Porostimur.com, Moscow – Wanita yang memprotes narasi Kremlin tentang perang Ukraina di sebuah acara berita langsung di TV yang dikelola negara, telah mengundurkan diri.
Marina Ovsyannikova, karyawan dan editor Channel One, mengaku telah berhenti dari pekerjaannya. Di saat yang bersamaan, ia mengungkapkan penolakannya terhadap tawaran suaka dari pemerintahan Prancis.

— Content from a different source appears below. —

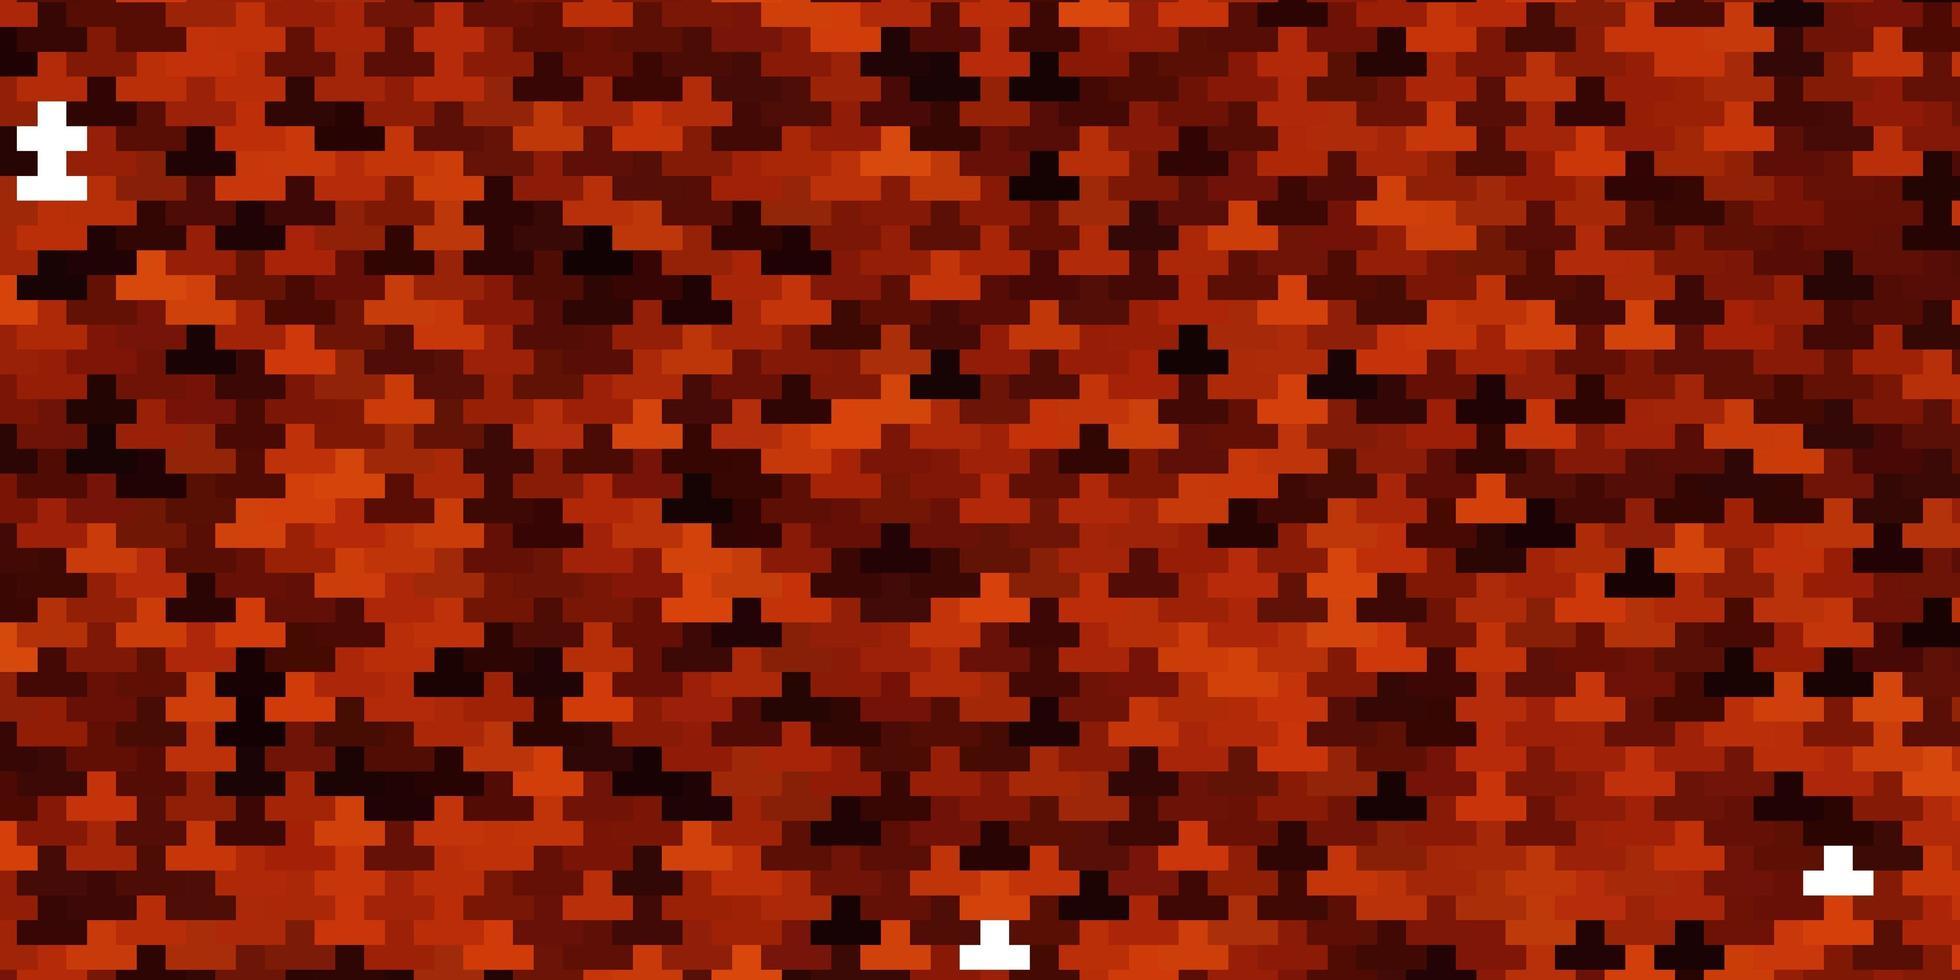 fundo vector vermelho claro com retângulos.

Ovsyannikova menjadi perhatian dunia, hingga disebut oleh Presiden Ukraina setelah pada Senin (14/3), ia menerobos masuk ke set berita malam unggulan ‘Vremya’ (Waktu). Dalam aksinya itu, Ovsyannikova tiba-tiba muncul di belakang presenter berita, menenteng poster bertuliskan ‘Hentikan Perang. ‘Jangan Percaya dengan Propaganda’. ‘Mereka berbohong kepada Anda di sini’.
Tak lama setelah itu, dia ditangkap dan dibawa ke kantor polisi Moskow. Sempat dikabarkan ‘hilang’ karena tidak diketahui keberadaannya, karyawan TV Rusia itu kemudian muncul dan dengan cepat didenda 30 ribu rubel (Rp4 juta), dan kemungkinan menghadapi persekusi lainnya.
Berbicara kepada France 24, editor itu mengatakan telah ‘menyerahkan semua dokumen’ untuk pengunduran dirinya dari Channel One.
“Itu prosedur hukum,” katanya.
Terlihat cemas, Ovsyannikova yang memiliki dua anak kecil, kemudian merasa telah ‘menghancurkan kehidupan keluarga dengan sikapnya’. Ia pun merasa khawatir terutama dengan putranya.